Moo is right to insist “that the central topic of these verses is not human nature, or anthropology, but the Mosaic law. Because this is the case, the most important teaching of the section is the same however the ‘I’ is identified.” The only escape from sin is to be out from under law and safely under Christ.

Again we can appreciate Paul’s genius. He is able to vindicate the law and at the same time highlight its weakness by pointing the blame directly at sin, and also through deft use of the “I” demonstrate that the law reveals sin and is an unwilling ally of sin in unbelievers, as was once the case with himself and Israel and now also with Jews and Gentiles alike who are apart from Christ.

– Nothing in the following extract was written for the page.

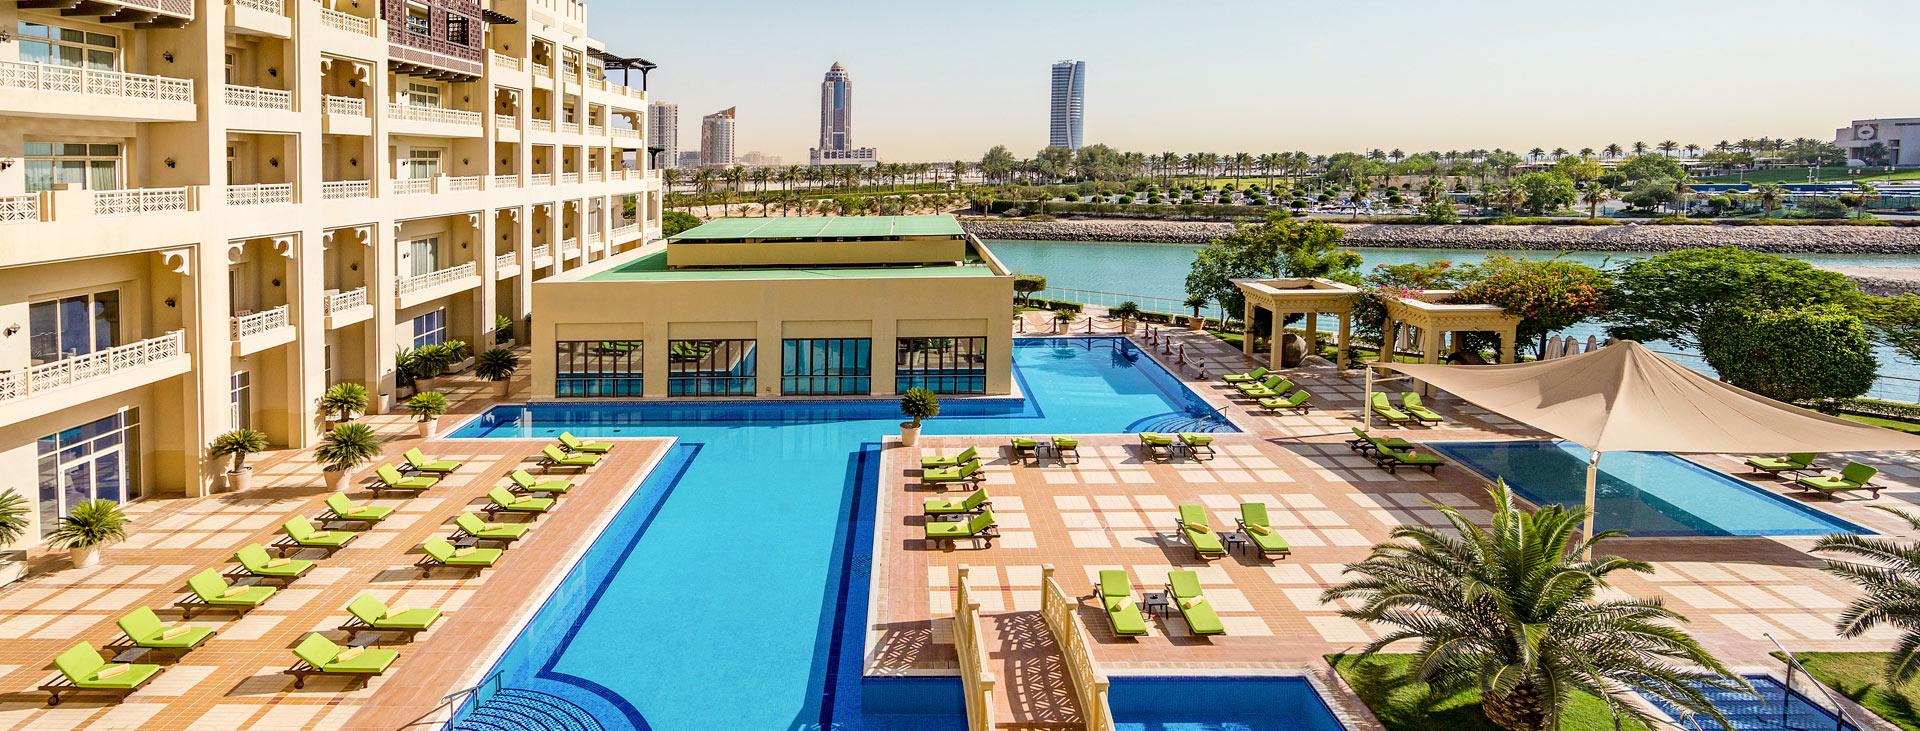 Grand Hyatt Doha Hotel & Villas, Doha, Qatar

Paul’s allusion to Adam’s victimization by sin is especially meaningful. By identifying as covetousness Adam’s transgression of the particular commandment given him—showing Adam to have been the first human to violate, in retrospect, the 10th commandment—Paul once again highlights even the holy and good Mosaic law’s inability to cure the disease of sin, which infects the desires and motives of all humanity (see 5:13–14).

This assessment applies to verses 7–12. A shift from past tense here to present tense in 14–25 is one signal that Paul has someone else in mind with his “I” there.